A printable PDF version of this article is available. This document was written in 2002 and needs to be updated, especially to discuss recent developments such as Open Document Format.
Microsoft Word has become a de-facto standard for word-processing and document exchange, which is unfortunate because it has many limitations and undesirable features. A common refrain is that people use Microsoft Word simply because “everybody else uses it”. The effective monopoly of Microsoft Word in the mass-market word-processing arena is not generally considered a Good Thing.
Abstract
This report raises a number of issues that the average user of Microsoft Word may not be aware of, or may not consider important. However, some of these issues are potentially extremely serious in terms of confidentiality and privacy and therefore need to be highlighted. The points raised apply equally to all versions of Microsoft Word on all platforms, unless otherwise indicated. As far as possible, the report is fair and balanced despite the author generally holding less than favourable views of Microsoft.
1 Reasons for concern
There are a number of reasons why one might want to think twice before using Microsoft Word to write new documents.
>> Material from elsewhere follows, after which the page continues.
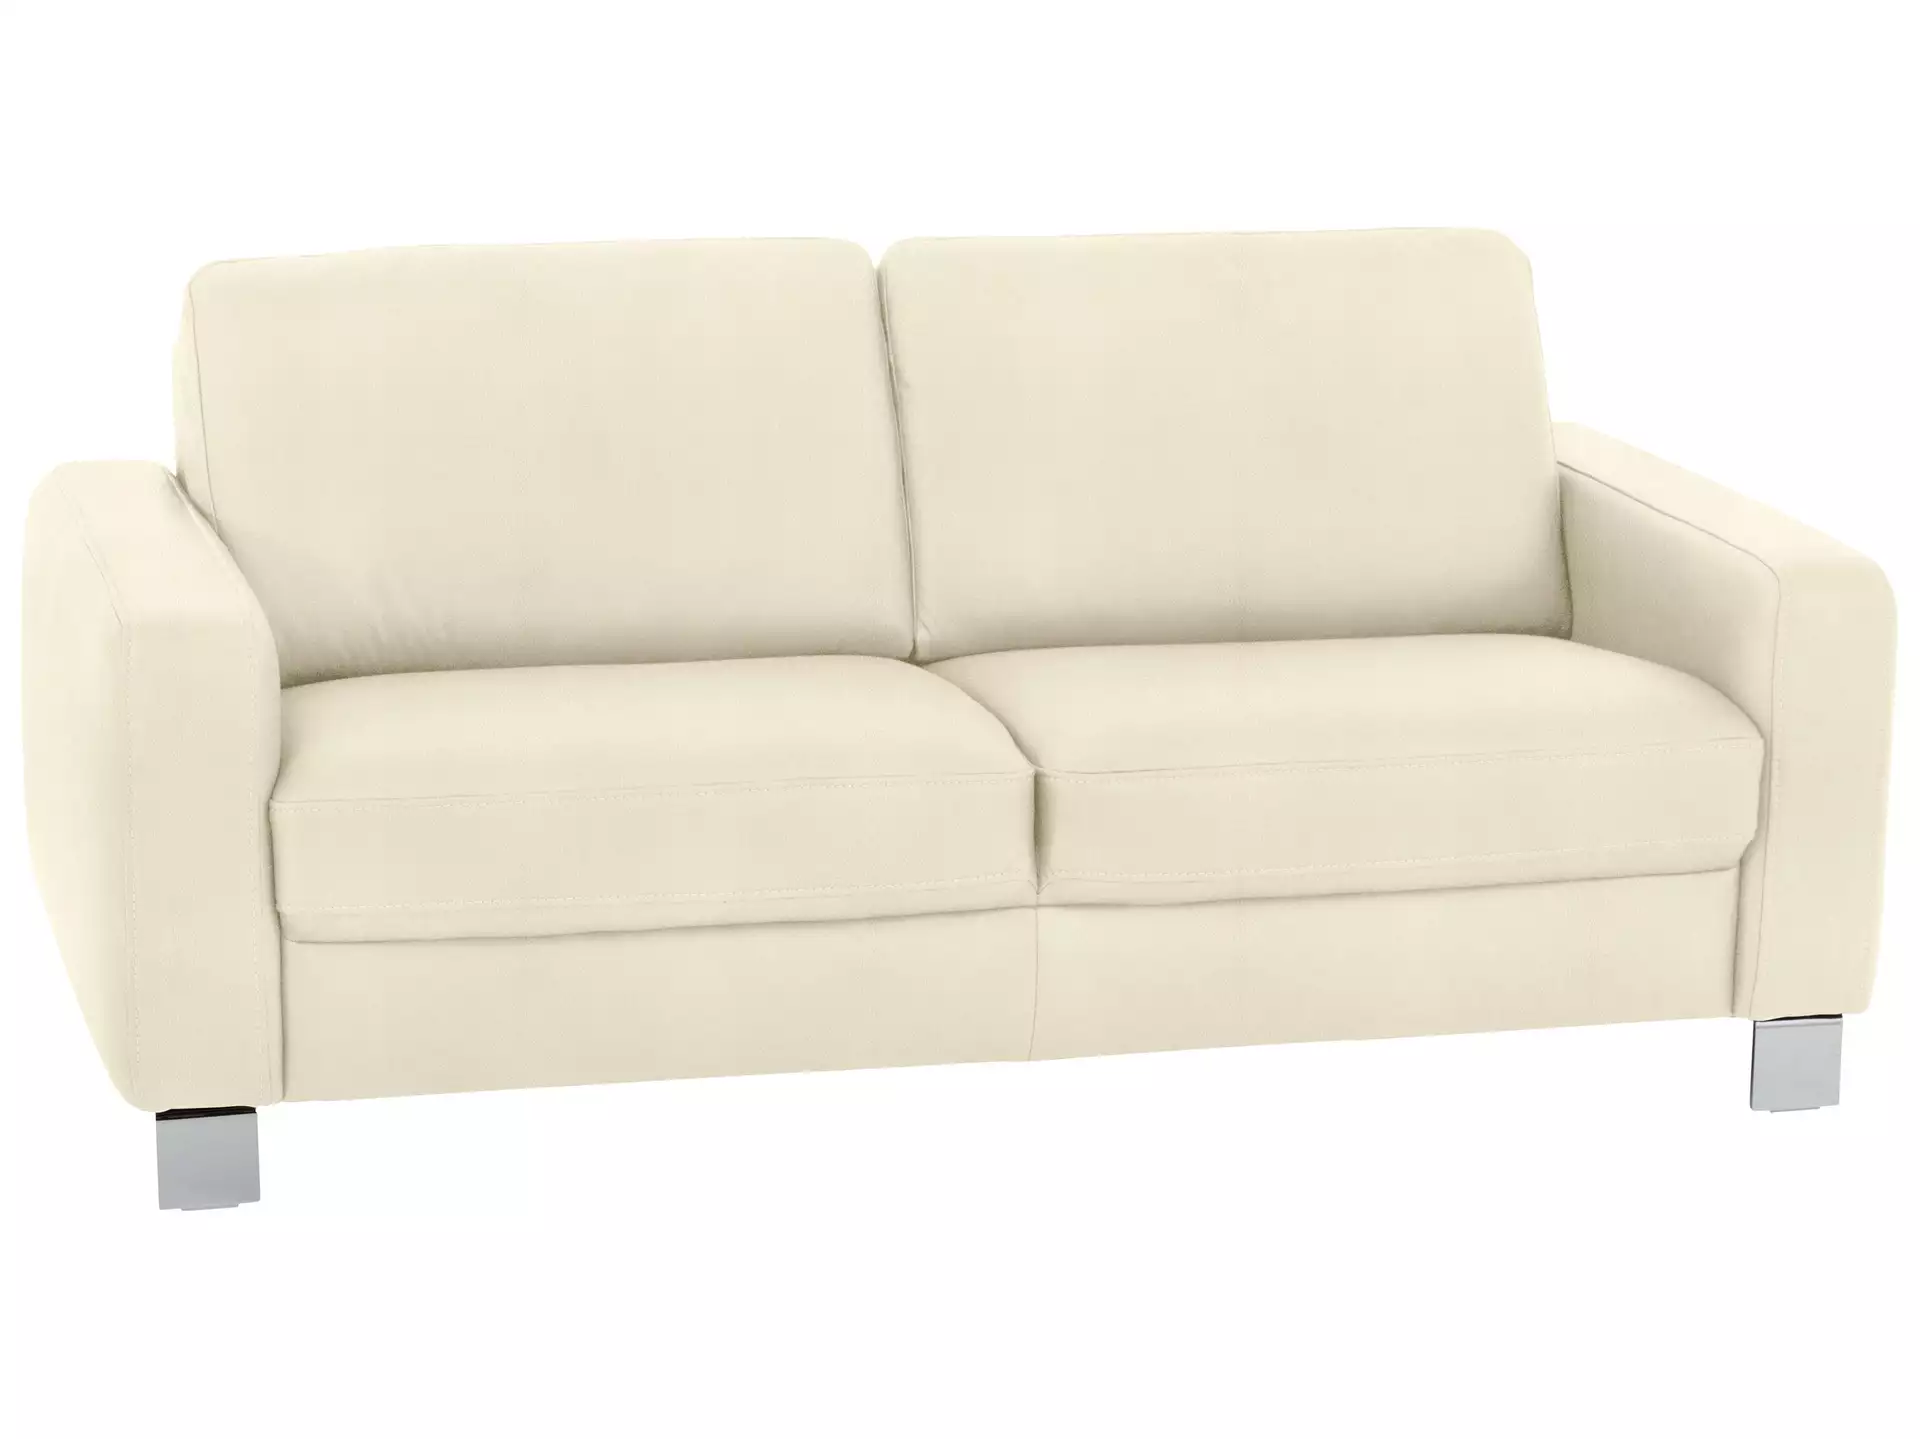 Sofa Shetland Basic B: 188 cm Polipol / Farbe: Natur / Material: Leder Basic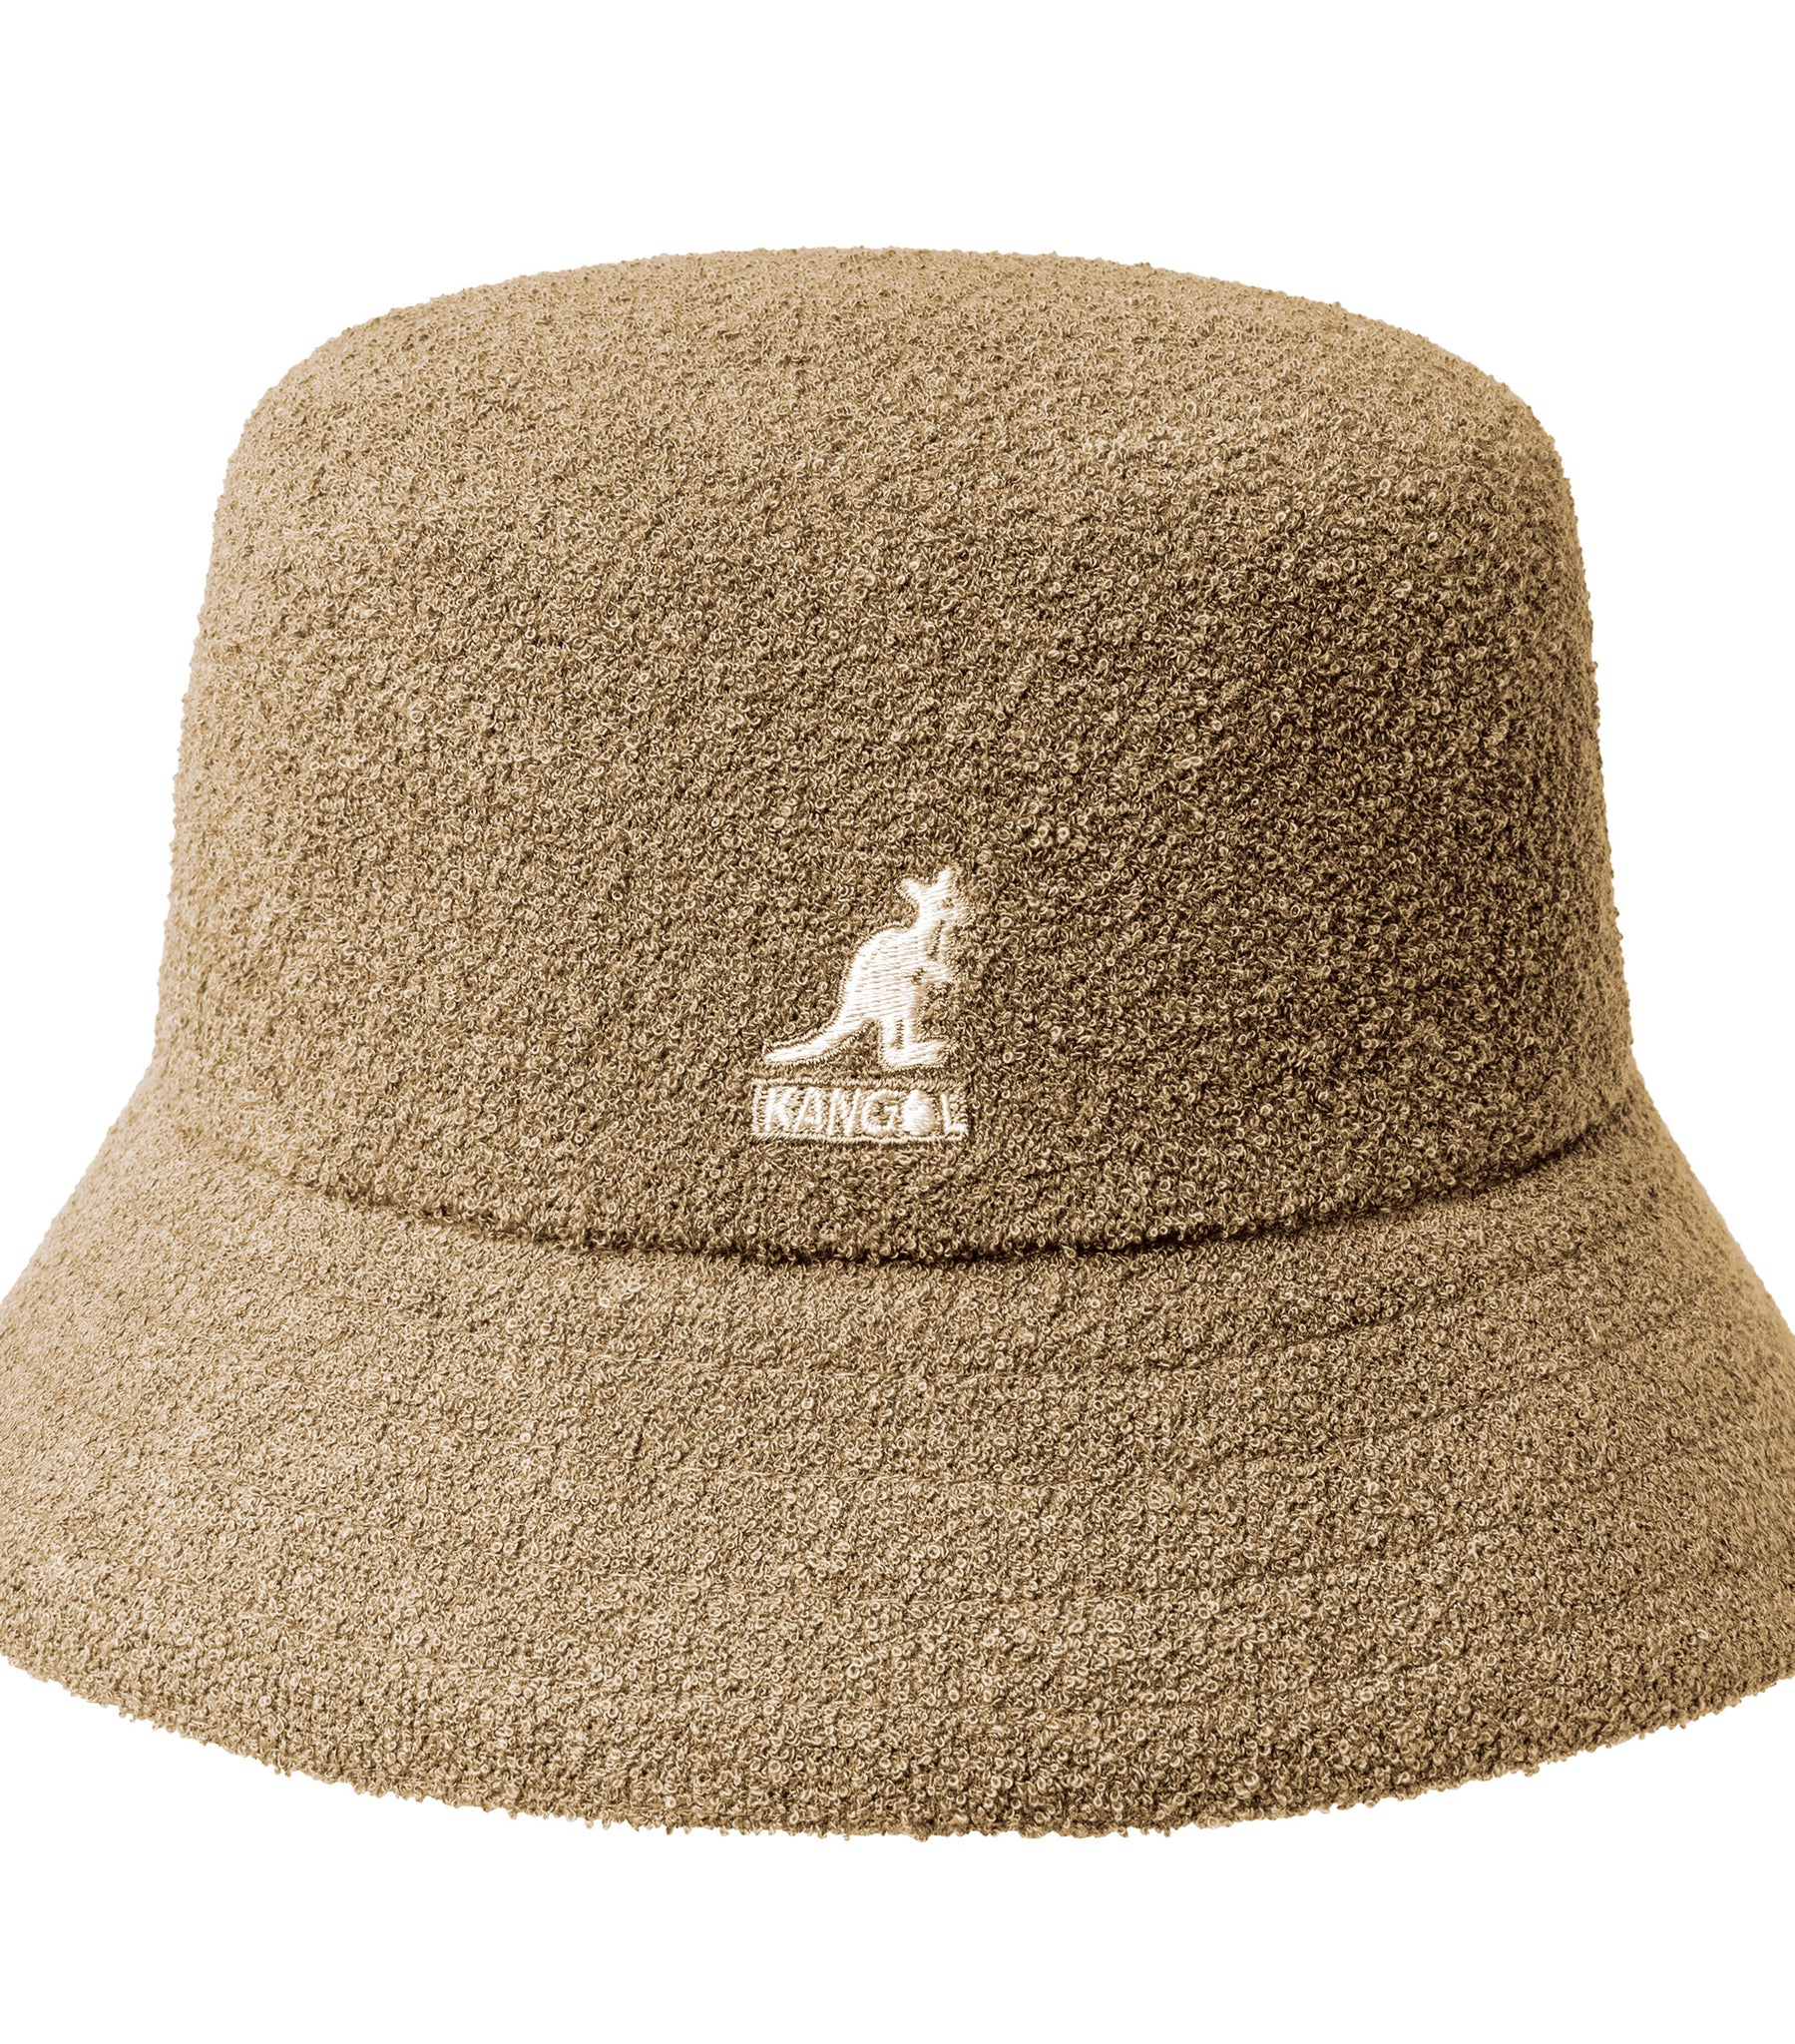 Kangol Bermuda Bucket Hat In Sponge Sand

In addition, there can be issues in the reading of Microsoft Word documents that one has been sent.
1.1 Hidden content
Microsoft Word document file sizes are huge compared to the amount of text they contain. What is in the rest of the file? Without being aware of what constitutes the remainder, one should be extremely wary of distributing Microsoft Word document files electronically (distributing means passing from one individual to one or more others either on floppy disk, on CD, via email or making available for download across a network, including the Internet), since they may contain information that for reasons of confidentiality or privacy should not be made available to recipients or to anyone else. Some examples of hidden content appear in section 2.
1.2 Extra work required
On many occasions, Microsoft Word documents are distributed when plain text will do just as well or would in fact be far more suitable. A plain text copy will be smaller to send, will get to the recipient quicker (especially for large documents) and will be easier for everyone to read quickly and easily, particularly of course those recipients who do not have Microsoft Word installed. Furthermore, it will even be quicker to read for those who do have Microsoft Word installed, because there will be no need to launch an external application in order to read it.
1.3 Inter-version compatibility
The technical specification for the DOC file format is a Microsoft corporate secret and changes with each new version of Microsoft Word. This is anti-competitive behaviour which makes it almost impossible for software other than Microsoft Word to manipulate DOC files; other word processing software cannot compete on a level playing-field. This policy led a judge in the United States to describe Microsoft’s actions as those of a “predatory monopoly”. Moreover, these different formats are not fully compatible with each other and exhibit what is known as “backward incompatibility”. A truly reputable software company would ensure not only that new versions of the software can read documents created in older versions of the software but also that older versions of the software can still read documents created by a newer version. Microsoft’s solution to version incompatibilities such as this is often simply to reply “You need a newer version, please send us more money.” This does not sound like the voice of a reputable company.
The on-screen and printed appearance of DOC files depends on many factors and therefore a document may appear differently across multiple systems. How does one know whether a recipient will see the document as intended, or even whether it will be readable at all? For recipients with which one is unfamiliar, it could be considered discourteous or possibly even arrogant to expect that they ought to have Microsoft Word installed. One should attempt to ascertain their preferred format in advance. Microsoft Word is not ubiquitous and some may choose not to use it for document exchange, for reasons related to those outlined in this document.
1.4 Hidden formatting
Hidden formatting in a DOC file is a functional, rather than a privacy or security issue, but will have been experienced by almost anyone who has ever worked with a moderately complex Microsoft Word document. Copying formatted text from one DOC to another, for example, often gives unwanted results that cannot be easily reformatted as desired without rewriting the text in full. These problems arise because special formatting is stored in the file that cannot be accessed directly. Preparing document content in plain text form avoids this problem.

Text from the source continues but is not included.